Bei dem Buch "Linux-Schnellkurs für Administratoren" kommentiert Herr Röhrig "In typisch amerikanischer Art versprechen die Autoren auf dem Cover: ,So werden Sie ein Linux Guru". Das habe ich weder auf dem Cover der englischen Originalausgabe noch der deutschen Übersetzung gefunden. Zudem vermisse ich einen nützlichen Tipp für die Käufer, dass nämlich die Originalausgabe "Linux Administration Handbook" in Deutschland für unter 50 Euro zu kaufen ist, die Übersetzung allerdings für 70 Euro.

Markus Wolf, per E-Mail

An den drei erstgenannten Distributionen und Versionen wüsste ich für ein Buch dieses Umfangs erst mal nichts auszusetzen - bedenken Sie bitte den Zeitraum für Recherche, Niederschreiben, Herstellung, Übersetzung und nochmalige Herstellung. Zudem wurde die Debian-Release in der deutschen Ausgabe auf Debian GNU/Linux 4 Etch (Testrelease vom September 2006) aktualisiert.Der Satz mit dem Linux-Guru steht auf dem Cover ganz oben quer - für mich ist dabei die gedruckte Ausgabe maßgebend, nicht das Jpeg, das wohl zu Werbezwecken im Internet steht und eventuell davon abweicht.

Zum Preis: Ob 20 Euro Mehrkosten gerechtfertigt und angemessen sind, die wirklich großartige Leistung des Übersetzerteams zu honorieren, darüber lässt sich freilich streiten. Einen Tipp, wie Sie ihn anregen, kann man trotzdem gelegentlich geben. (Dr. Bernhard Röhrig)

Zwei Herzen im OMPTL-Takt

01/08, S. 112: Ich zitiere Herrn Schürmann in dem Bericht "Doppel-Herz: OMPTL": "Da sowohl die Container als auch die eigentlichen Algorithmen unangetastet bleiben, darf der Programmierer [...] diese sogar ohne erneute Übersetzung des Programms austauschen."

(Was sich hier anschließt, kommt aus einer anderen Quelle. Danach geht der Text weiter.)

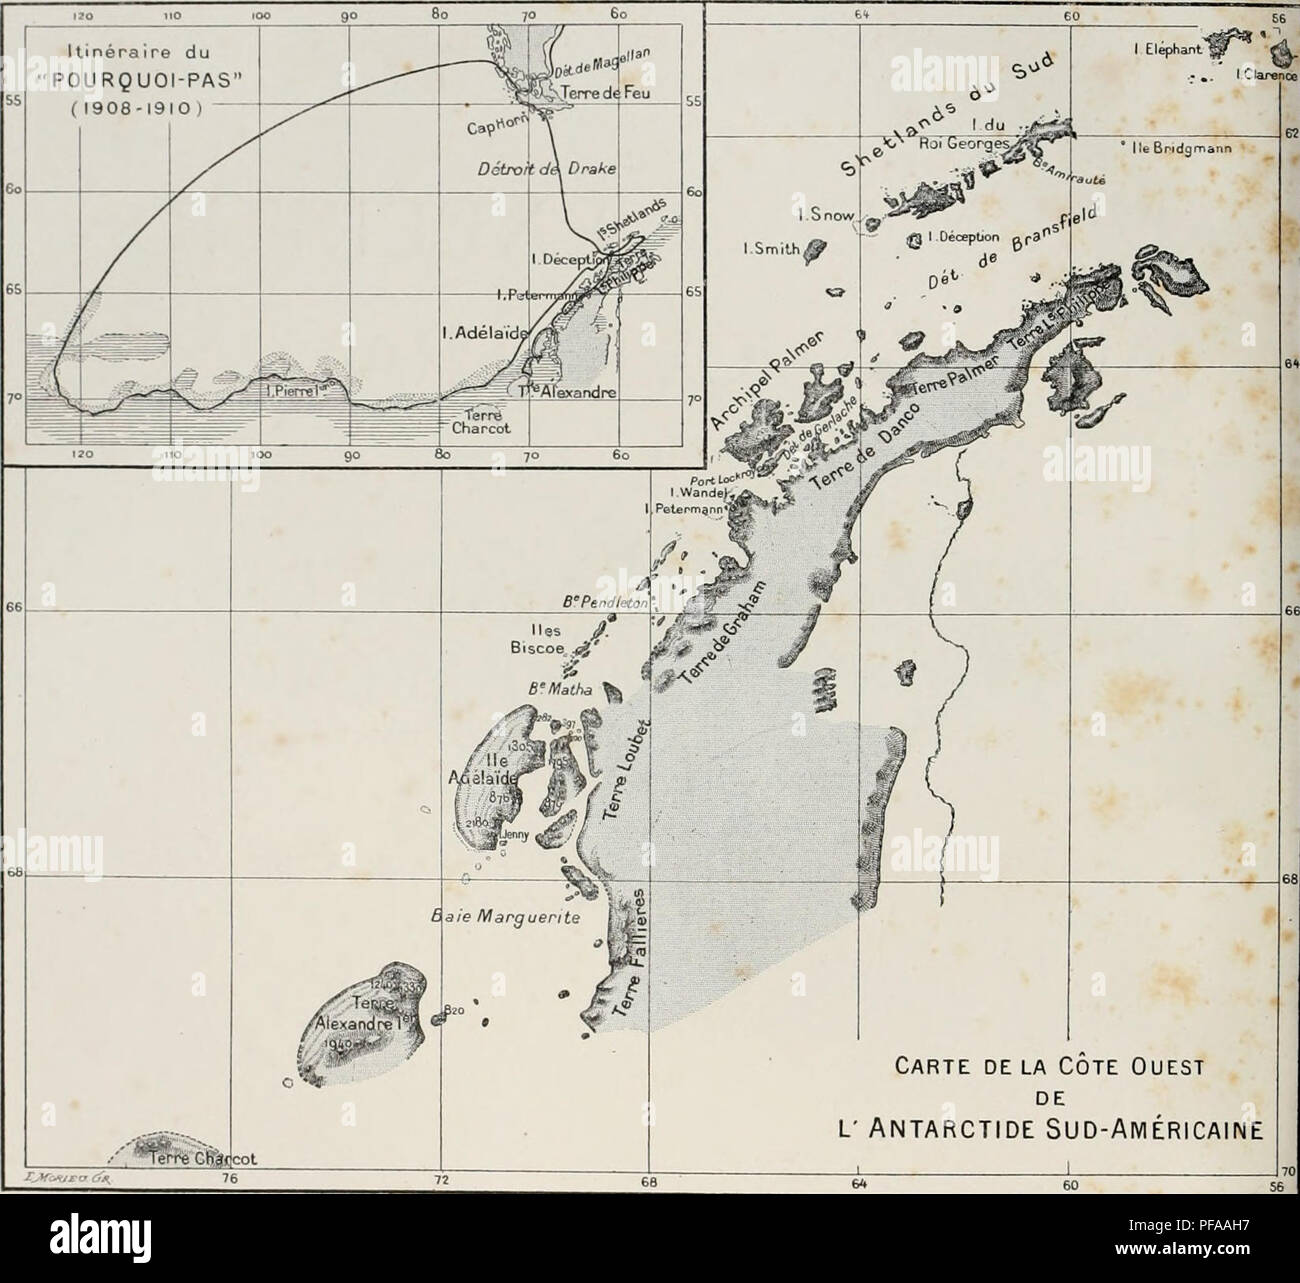 . ¨ me DeuxiÃ expÃ©dition antarctique francaise (1908-1910). Histoire naturelle -- Antarctique ; expéditions scientifiques -- Antarctique ; l'Antarctique. Carte delÃ Cote Ouest DE L' ANTARCTIDE SUD-AMÃRICAINE CARTE DES RÃGIONS ET PARCOURUES PAR L'EXPÃDITION RELEVÃES MEMBRES DE LETAT MAJOR " POURQUOI PAS " J.-B. M. CHARCOT Hydrographie BONGRAIN, Sismographie, la gravitation terrestre, les observations astronomiques. L. CiAIN Zoologie (Spongiaires, Echinodermes. Arthropodes. Oiseaux et cial&amp ; parasites) plancton, Botanique. R.-E. GODFROY María©es, Tofographie côte tiÃ¨re. Chimie de Tair. E. GOURDON ... . Banque D'Images

Da OMPTL und die Standard-Template-Library auf C++-Template setzen, ist es virtuell nicht möglich, Libraries von Templates zu erstellen. Virtuell deshalb, weil der aktuelle C++-Standard (ISO/IEC 14882:2003) zwar das Schlüsselwort »export« vorsieht, um die klassische Trennung zwischen Header, Source und Library zu ermöglichen, doch leider gibt es nur einen beziehungsweise zwei Compiler, die dieses Schlüsselwort tatsächlich implementieren: Comeau C++ [http://www.comeaucomputing.com/4.0/docs/userman/export.html] sowie der in der Betaversion kommerziell gescheiterte Borland C++ Builder X [http://en.wikipedia.org/wiki/C%2B% 2B#Standards_compliance].

Beide basieren auf dem C++-Compiler-Frontend der Edison Design Group (EDG) [http://www.edg.com/index.php?location=c_frontend], dessen Team drei Mannjahre für die Implementation des »export«-Schlüsselworts benötigte. Zum Vergleich veranschlagt [http://www.open-std.org/jtc1/sc22/wg21/docs/papers/2003/n1426.pdf] die Implementation eines kompletten Java-Compilers mit zwei Mannjahren.

EDG berichtet unter anderem von multiplen und hierarchischen Symboltabellen statt einer einzelnen, flachen. Da bekommen die Begriffe "Hardcore Programming" und "State" (in Anlehnung an den im Jargon-File erwähnten "state", quasi Entropie im Kopf) eine ganz herausragende Bedeutung. Und wenn ich mich nicht täusche, so gab es auch beim EDG-Frontend nie die Funktionalität, Templates dynamisch einzulinken.

Sebastian Mach, per E-Mail

Prinzipiell ist das aber möglich, zumal ich durchaus auch die Libstd++ ohne Probleme tauschen beziehungsweise updaten konnte - was wiederum freilich nicht zwischen zwei Majorversionen klappt. Mir ging es in meiner Aussage primär darum, zu verdeutlichen, dass die Basis in Form der Standardbibliothek von OMPTL nicht angetastet wird; OMPTL nutzt sie lediglich. Dass konkrete Compiler-Implementierungen durchaus mit Haken und Ösen behaftet sind, zeigt schon die Geschichte des Microsoft-Compilers. (Tim Schürmann)

Erratum

01/08, S. 64: Die Redaktion bedauert, dass sich beim Überarbeiten des Tooltipps zum Programm Fdt 0.8.5 ein Fehler eingeschlichen hat: Anders, als dort zu lesen war, kopiert das Programm SCP mit der Option »-r« auch ganze Verzeichnisse.